Pressure grows for Continental Resources and others to resume oil production in North Dakota

 

Oklahoma City’s Continental Resources as well as Marathon Oil are among those companies offering no comment about whether they will continue to delay bringing back oil production in North Dakota’s Bakken shale field.

But as Reuters reported this week, producers in the state are under new pressures to delay any resumption of oil production. Continental and Marathon are among the state’s top oil producers and Continental’s Harold Hamm is considered to be one of the early explorers of the Bakken

Oil producers in the Bakken, the second largest U.S. shale field, cut May output by about 500,000 barrels per day after U.S. prices tumbled in March on the heels of global coronavirus shutdowns.

They were slowly restarting some wells when the court ruled the region’s main pipeline must face a new environmental review that could halt its operation for a year.

An appeals court has allowed Energy Transfer LP’s Dakota Access Pipeline (DAPL) to continue operating for now, but the threat of closure makes reversing cutbacks and drilling new wells too risky, executives and analysts say.

DAPL links Bakken producers to Midwest and Gulf of Mexico customers, accounting for about 40% of volumes transported to those regions.

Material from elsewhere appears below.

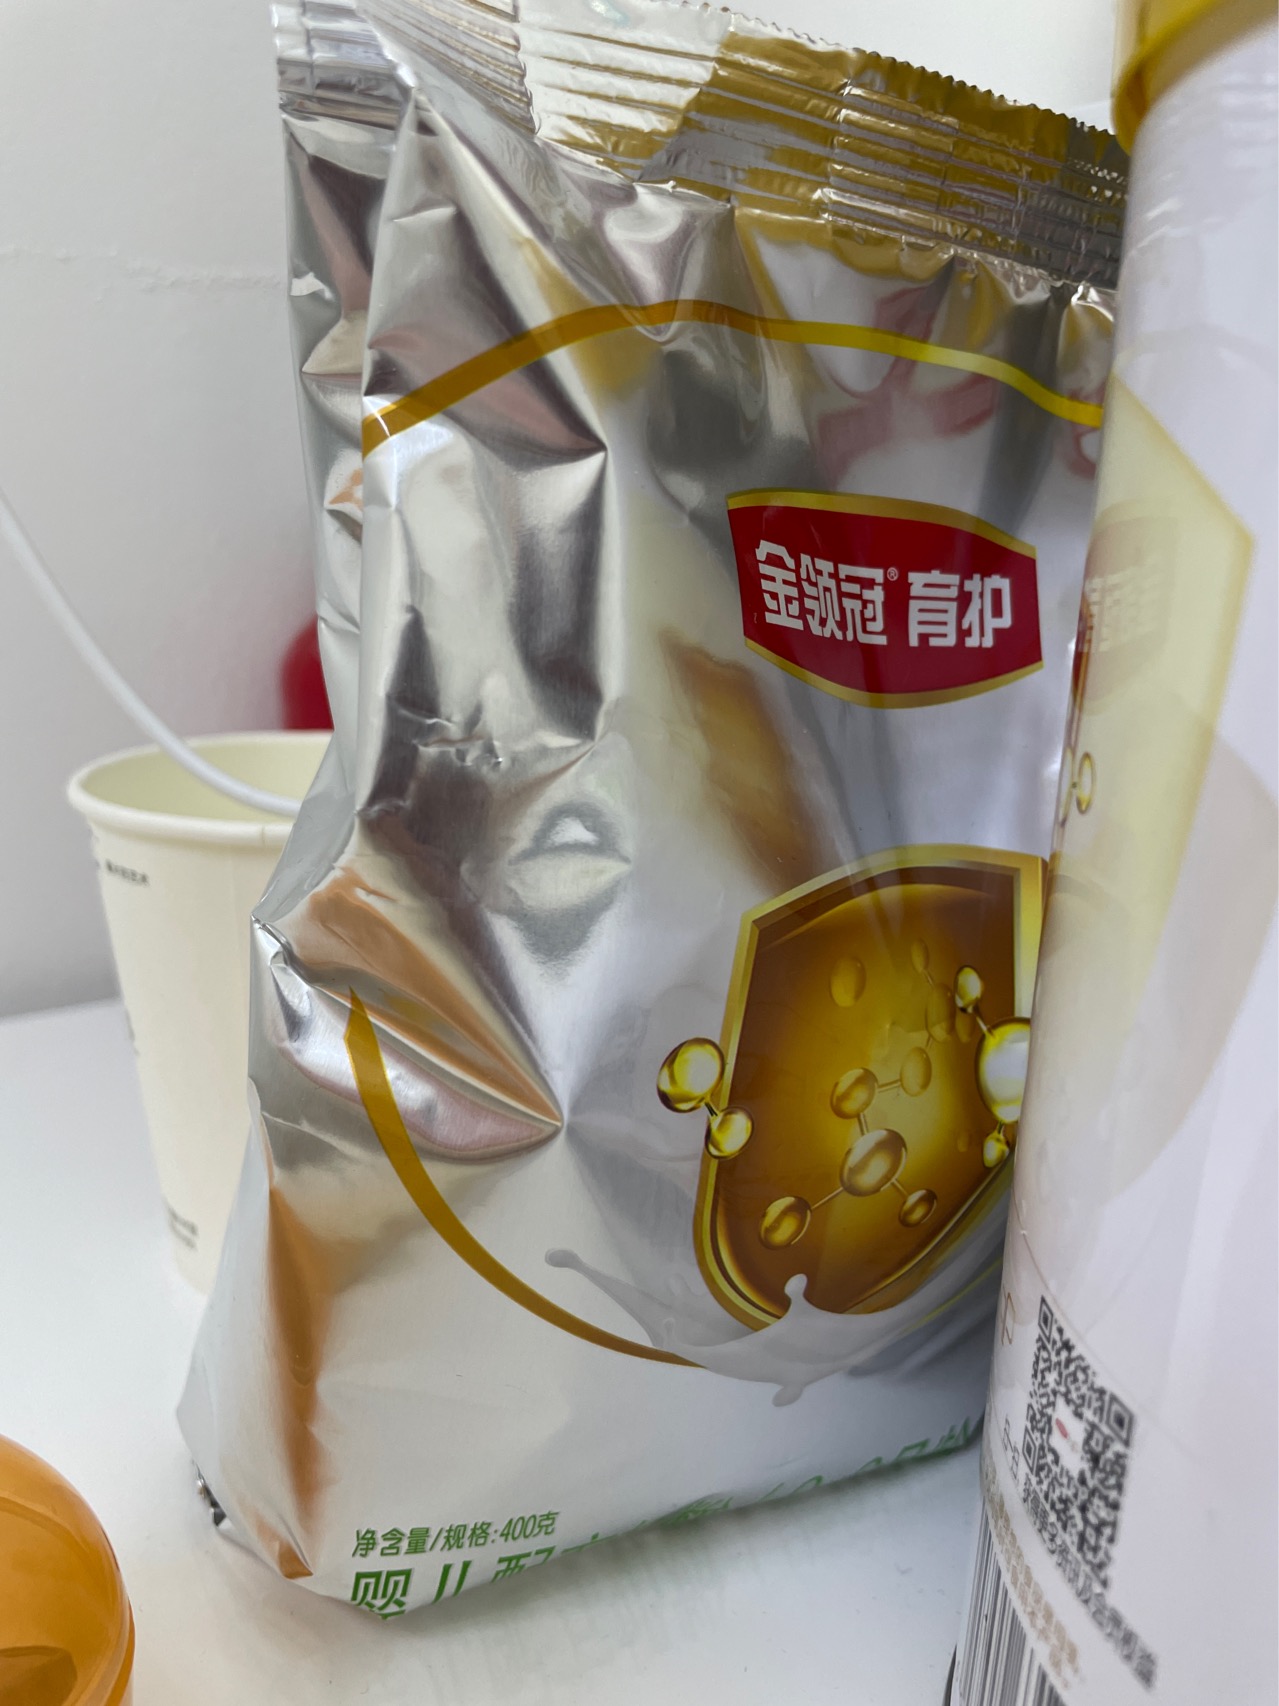 伊利(YILI)金领冠育护婴儿配方奶粉 1段(0-6个月适用) 400g盒装(新旧包装随机发货)晒单图

Rail transport, which is $3 to $6 a barrel more expensive, is expected to expand if the pipeline closes.

Producers will not be willing to commit to reopening closed wells or drilling news ones “unless they know more” on the pipeline’s future, said Nicholas O’Grady, chief executive officer at Northern Oil and Gas Inc, which has invested in about 7,000 wells in North Dakota’s Williston Basin.

Northern Oil and Gas has already factored in the impact of a DAPL shutdown into its plans for spending on new wells and acquisitions in the region, he said.

Nationally, U.S. shale producers have revived as much as half of the production they cut in May. In the Bakken, only a fifth of 510,000 barrels per day cut were back on line last month, according to North Dakota state figures.

The current per barrel price of $40.14 is below the $46.54 that Deutsche Bank analysts estimate Bakken producers need to break even on new wells even before the additional rail costs are factored in.

There were about 882 drilled but uncompleted wells in Bakken in June, according to the U.S. Energy Information Agency, and about 405,000 bpd of output was shut-in as of June 26.

Publicly traded oil companies plan to spend about $3.1 billion in Bakken this year, down from $7.5 billion in 2019, according to analytics firm Rystad Energy.

“Right now, we just don’t have all the information. We are in a holding pattern,” said J.R. Reger, whose company Iron Oil suspended drilling and completing new Bakken wells in March.